The same day that he signed the asylum memorandum, Trump tweeted, “The Coyotes and Drug Cartels are in total control of the Mexico side of the Southern Border… They have labs nearby where they make drugs to sell into the US. Mexico, one of the most dangerous countries in the world, must eradicate this problem now. Also, stop the MARCH to US.”
Also on Monday, the Defense Department announced that Acting Defense Secretary Patrick Shanahan had approved a request by the DHS that the military send an additional 320 troops to the southern border, adding to the more than 6,000 already there in what has effectively become a permanent military presence.

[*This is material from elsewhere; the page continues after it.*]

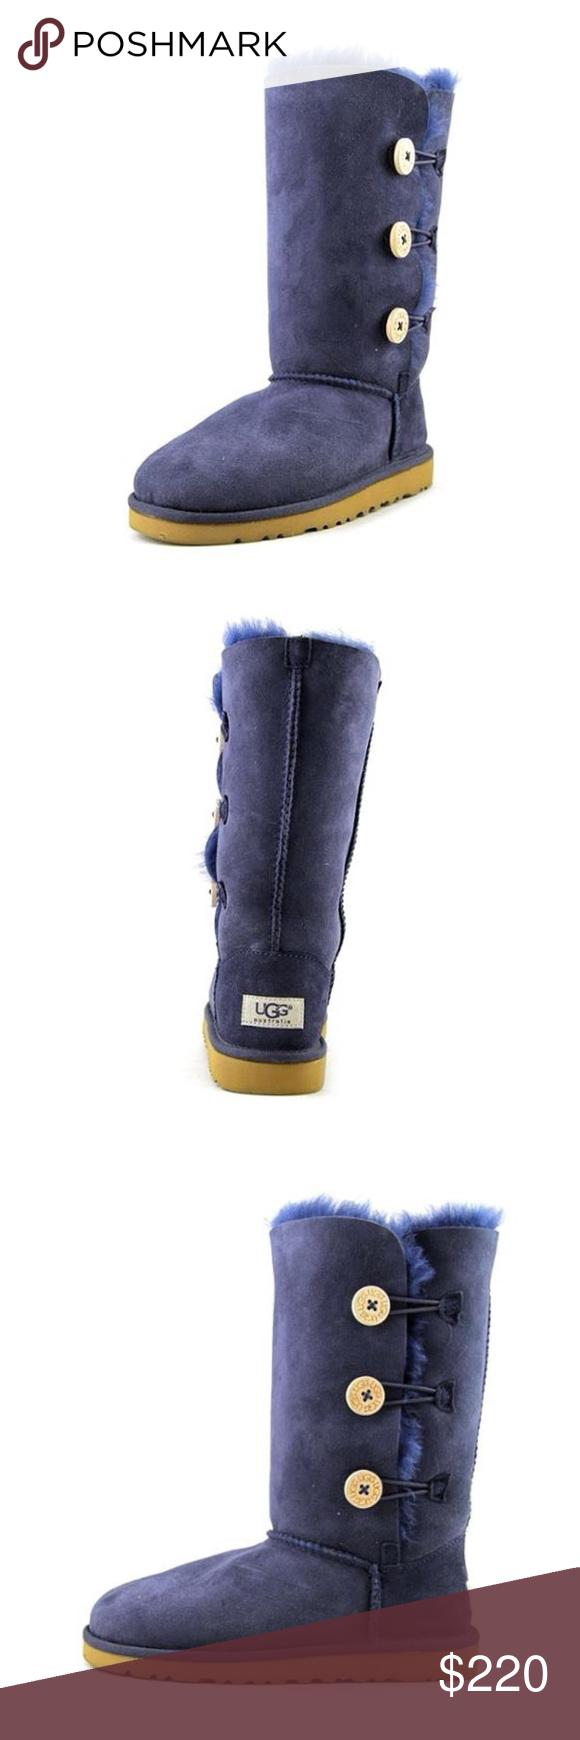 326d4b2f912 Kid's UGG Boots Ugg Bailey Button Triplet Navy Blue Model: 1962K-NVB ...

The Democratic Party has facilitated the administration’s escalating anti-immigrant campaign by a combination of silence and complicity. In recent weeks it has shifted further to the right, adapting itself more directly and openly to Trump’s anti-immigrant policies.
It now echoes the White House’s talk of a “crisis” at the border that demands extraordinary measures. In fact, the so-called “crisis” is the result of Trump’s anti-asylum policies, which have forced desperate refugees to cross the border in more remote areas so they can turn themselves in to the border police and apply for refuge in the US. This is combined with the catastrophic social and political conditions in Central America caused by a century of US imperialist interventions, coups, CIA-trained death squads and US-backed dictatorships, by means of which the US ruling class has economically exploited the region and its working population.
In recent days, New York Times commentator Thomas Friedman has penned a column backing Trump’s border wall and his demand for a “merit-based” immigration system and Bernie Sanders has denounced “open borders” and warned of a flood of impoverished people coming into the US, supposedly threatening the jobs and wages of US workers.
On Tuesday, one day after Trump’s attack on the right to asylum, Democratic House Speaker Nancy Pelosi and Senate Minority Leader Charles Schumer met behind closed doors with Trump and emerged to praise the meeting as “productive” and reiterate their eagerness to work with the White House. Speaking to reporters, they did not say a word about Trump’s asylum memorandum or any other aspect of his anti-immigrant policy.
Responding to Trump’s memorandum, James Davis, an immigration attorney with Immigration Legal Services of Chula Vista, California, told the World Socialist Web Site that “what they are trying to do is close the door.”
He continued: “I fear that people will just be denied without a fair process. They don’t want so many credible fear interviews processed,” even though “they are nearly always denied.”
Davis added: “These people don’t have money. To charge a fee for asylum is a way to prevent people from being able to apply for asylum. Most asylum applicants have left everything behind and they come with nothing. The conditions they are fleeing have gotten so bad, they leave their home, their job, all their belongings except what they can carry on their backs.
“There are many cases where women, for instance, have been forced into servitude, raped and assaulted, even by border patrol and border agents. Everything has been taken from them and they have paid such a price. Now they say we are also going to require something more of you!
“This runs contrary to international asylum law. Asylum is based on humanitarian law. You cannot charge a fee for that.”